What exactly is the Holy Grail - and why has its meaning eluded us for centuries?

It's all part of the grotesque misinterpretation of the significance of Jesus. Everything about him of real importance is metaphysical, and everything physical, meaningless.

Not necessarily. It could be the Ark of the Covenant. It did exist.
Its existence is of no transcendent importance. That is the point. Whether or not the object was 'real', it at most only distracts from the greater message.
Ummm... no, it doesn't. First of all TAOTC did exist and it is extremely relevant to the claim of Jesus being the Word of God.

David leaped and danced before the Word of God. John the Baptist leapt in his mother's womb before the Word of God.

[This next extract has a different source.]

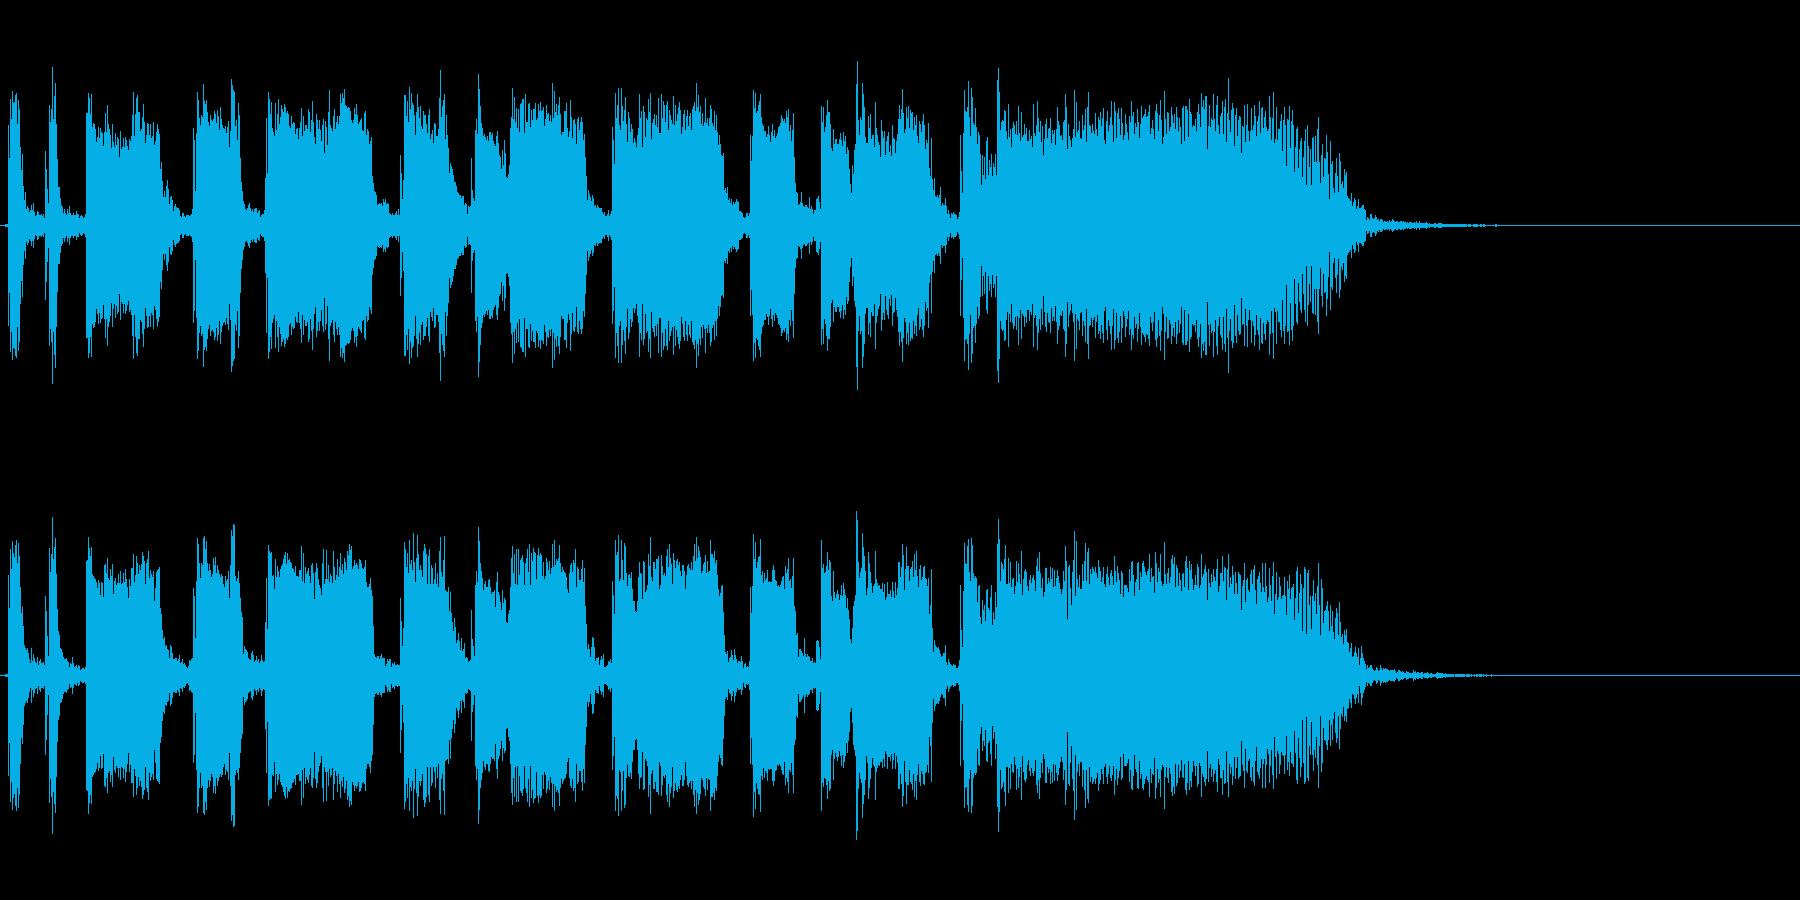 Guitarジングル1/カッティングの再生済みの波形

So what exactly do you believe the greater message is that is more powerful than the message that God so loved man that he choose to be born into this world and suffer death for man to reconcile justice to mercy?
 
^^ So Jesus was married! Well why shouldn't he have been? Reared as a Jew, celibacy would have almost certainly been an idea totally foreign to him. "Be fruitful and multiply" was the biblical creed that all Jews considered sacred. Celibacy as a Christian ideal wouldn't become law until the Council of Elvira (300-306) decreed (Canon 33): It is decided that marriage be altogether prohibited to bishops, priests, and deacons, or to all clerics placed in the ministry, and that they keep away from their wives and not beget children; whoever does this, shall be deprived of the honor of the clerical office.

Christian scholars explain the reason: The Church wanted to insure that the wealth of its leadership would not be dissipated by way of family inheritance. A non-married clergy would always return their possessions to Rome.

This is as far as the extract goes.